For a complex function-hooking tool with no annotations, the description covers parameters well but lacks critical behavioral context about how hooking works, security implications, or error conditions. The existence of an output schema means return values don't need explanation, but the description should do more to explain the tool's operational behavior given its potential destructiveness.

Complex tools with many parameters or behaviors need more documentation. Simple tools need less. This dimension scales expectations accordingly.

Parameters5/5

Does the description clarify parameter syntax, constraints, interactions, or defaults beyond what the schema provides?

With 0% schema description coverage, the description fully compensates by explaining all 4 parameters: 'address' (hex string location), 'on_enter' (JavaScript code with 'args' access), 'on_leave' (JavaScript code with 'retval' access), and 'description' (optional). This provides essential semantic context that the bare schema titles lack.

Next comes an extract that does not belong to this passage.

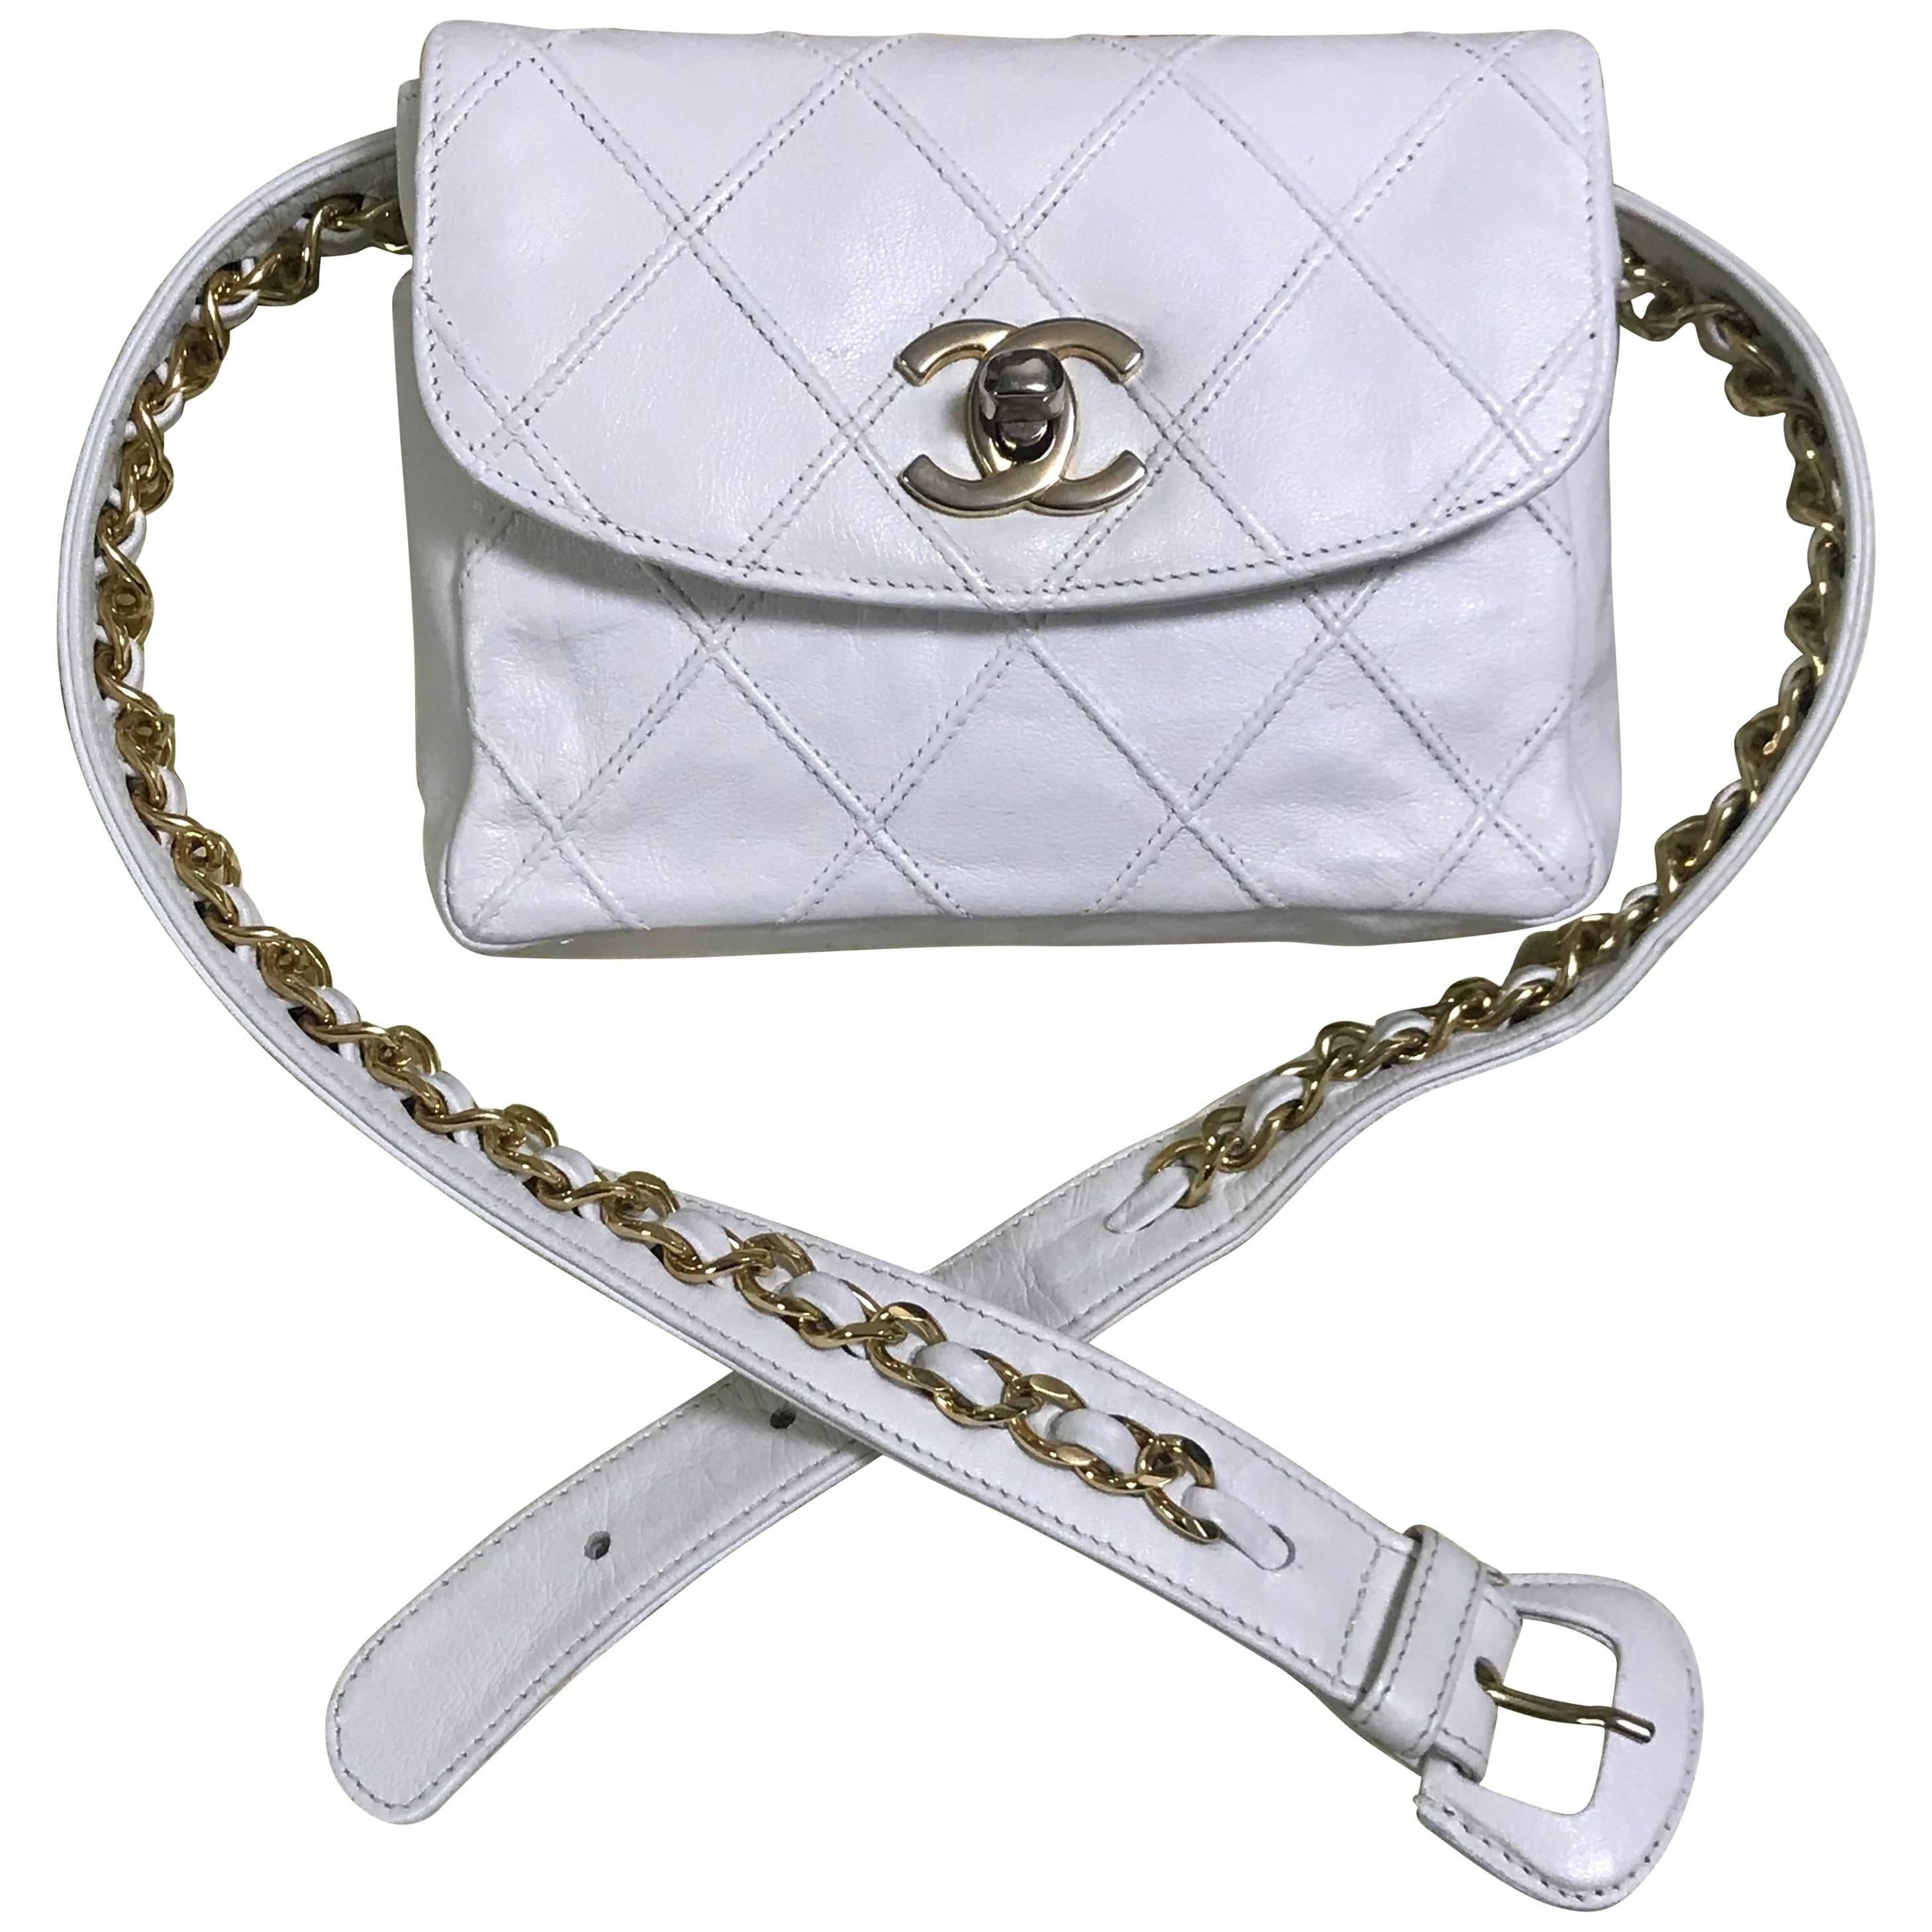 Chanel Vintage white leather waist purse, fanny pack, hip bag with golden CC

Input schemas describe structure but not intent. Descriptions should explain non-obvious parameter relationships and valid value ranges.

Purpose4/5

Does the description clearly state what the tool does and how it differs from similar tools?

The description clearly states the action ('Hook a function') and the target ('at the specified address'), making the purpose understandable. However, it doesn't differentiate from sibling tools like 'hook_native_function' or 'intercept_module_function', which appear to serve similar purposes in this debugging/instrumentation context.

Agents choose between tools based on descriptions. A clear purpose with a specific verb and resource helps agents select the right tool.

Usage Guidelines2/5

Does the description explain when to use this tool, when not to, or what alternatives exist?

No guidance is provided about when to use this tool versus alternatives like 'hook_native_function' or 'intercept_module_function'. The description only states what the tool does, not when it's appropriate or what prerequisites might be needed for hooking functions.

Agents often have multiple tools that could apply. Explicit usage guidance like "use X instead of Y when Z" prevents misuse.